Sound Index relies on broken-English-text analytics technology, techniques for integrating information from different modalities, and ranking technologies.
Ingestion. In an ideal world, social networking data, comments, and click streams would all have a common format that sites publish, facilitating easy download and integration of information. However, most sites lack functional application programming interfaces (APIs). As a result, screen scrapinga is the rule for data ingestion,2 problematic because screen scrapers are susceptible to (even fairly minor) changes in Web sites. Unfortunately, these changes are common, as sites strive to stay fashionable in an ever-changing cultural and business environment.

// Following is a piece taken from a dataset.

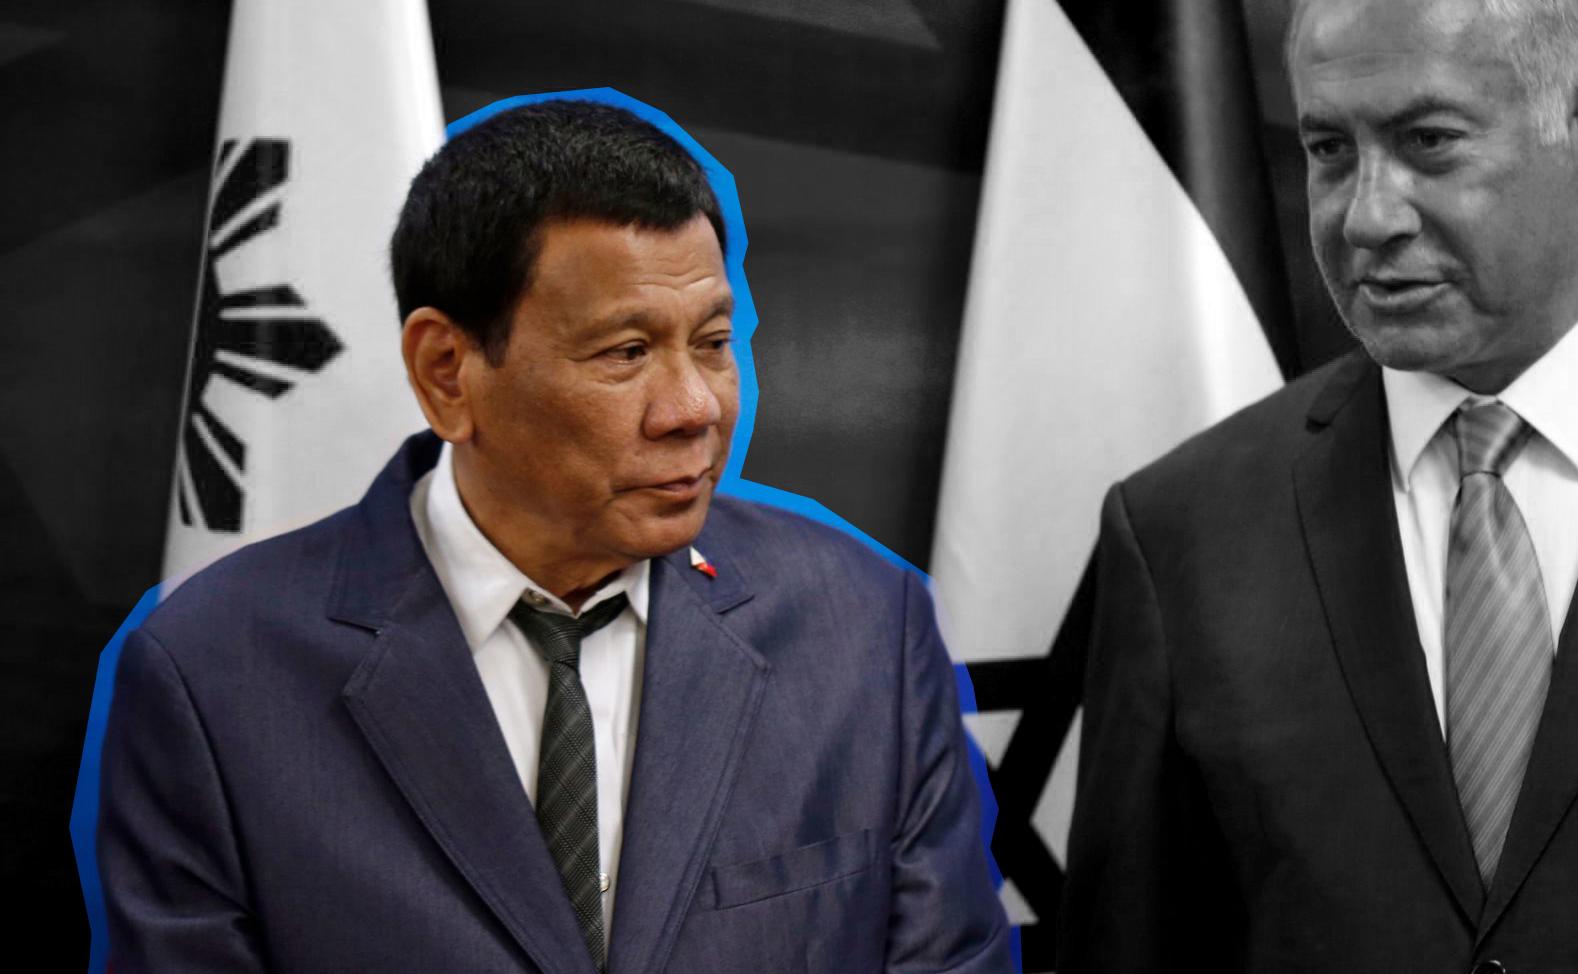 President of the Philippines Rodrigo Duterte (left) with Israeli Prime Minister Benjamin Netanyahu in Jerusalem, Sept. 3, 2018. (JTA/Ronen Zvulun/AFP via Getty Images)
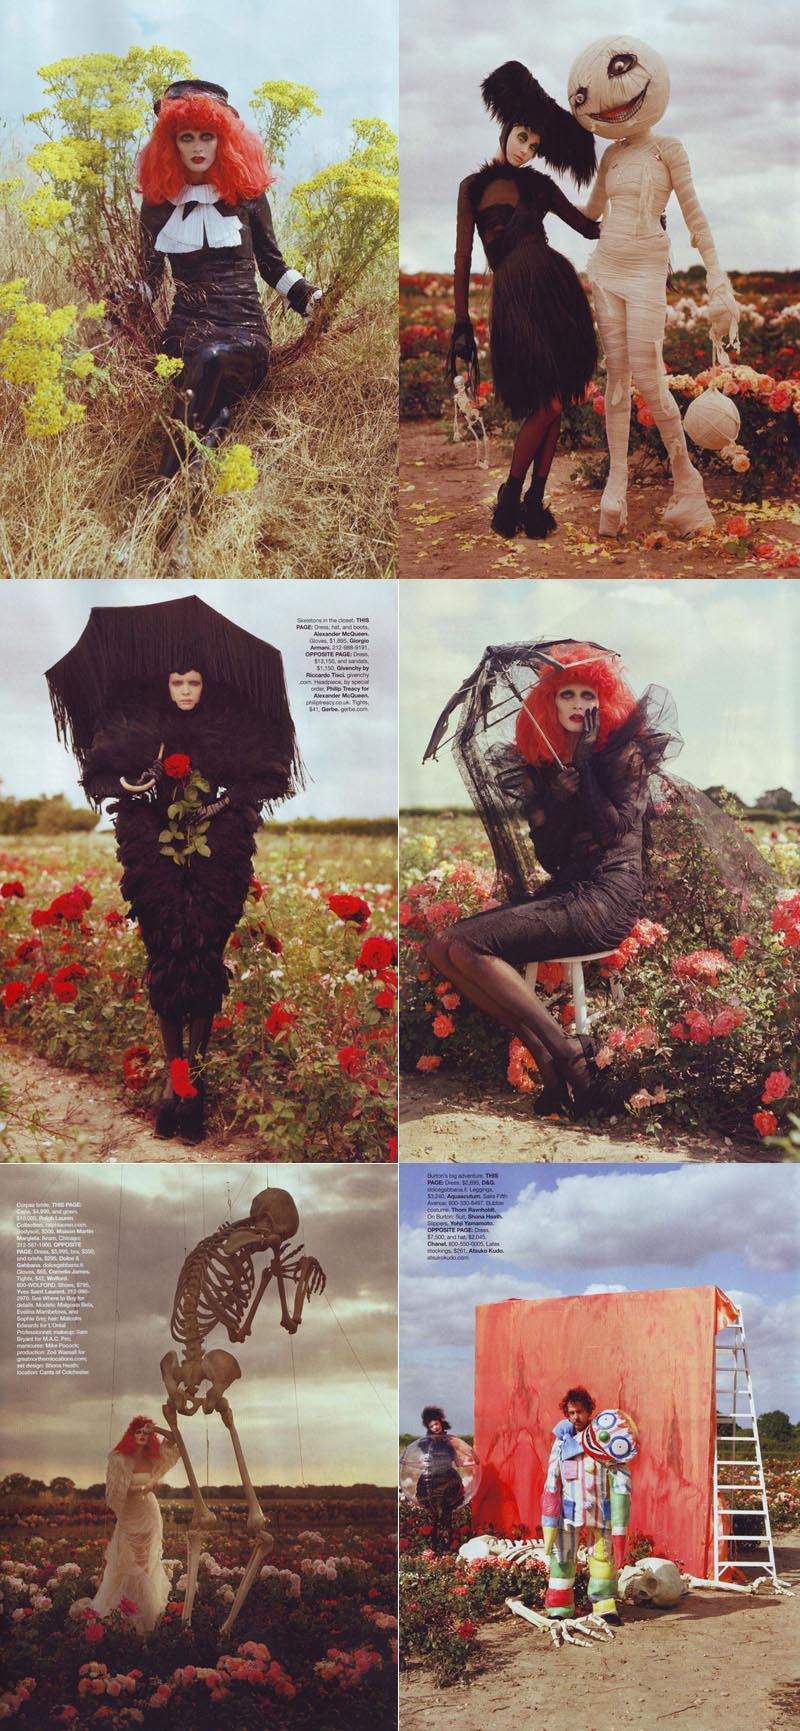 Spokes 'n' Daggers: Tim Burton for Harper's Bazaar

Screen scrapers also require a fair amount of monitoring and maintenance. They need to log into sites and download necessary content (such as comments and view counts), transforming it into a simple format, normally just a collection of running text comments broken out (with markup removed) for further processing.
Some sites provide really simple syndication-typeb feeds that are especially useful for ingesting aggregated data (such as total listens for a particular song). Sound Index uses a combination of screen scrapers, RSS feeds, and APIs to ingest content based on the quality and reliability of each ingestion method for a given site.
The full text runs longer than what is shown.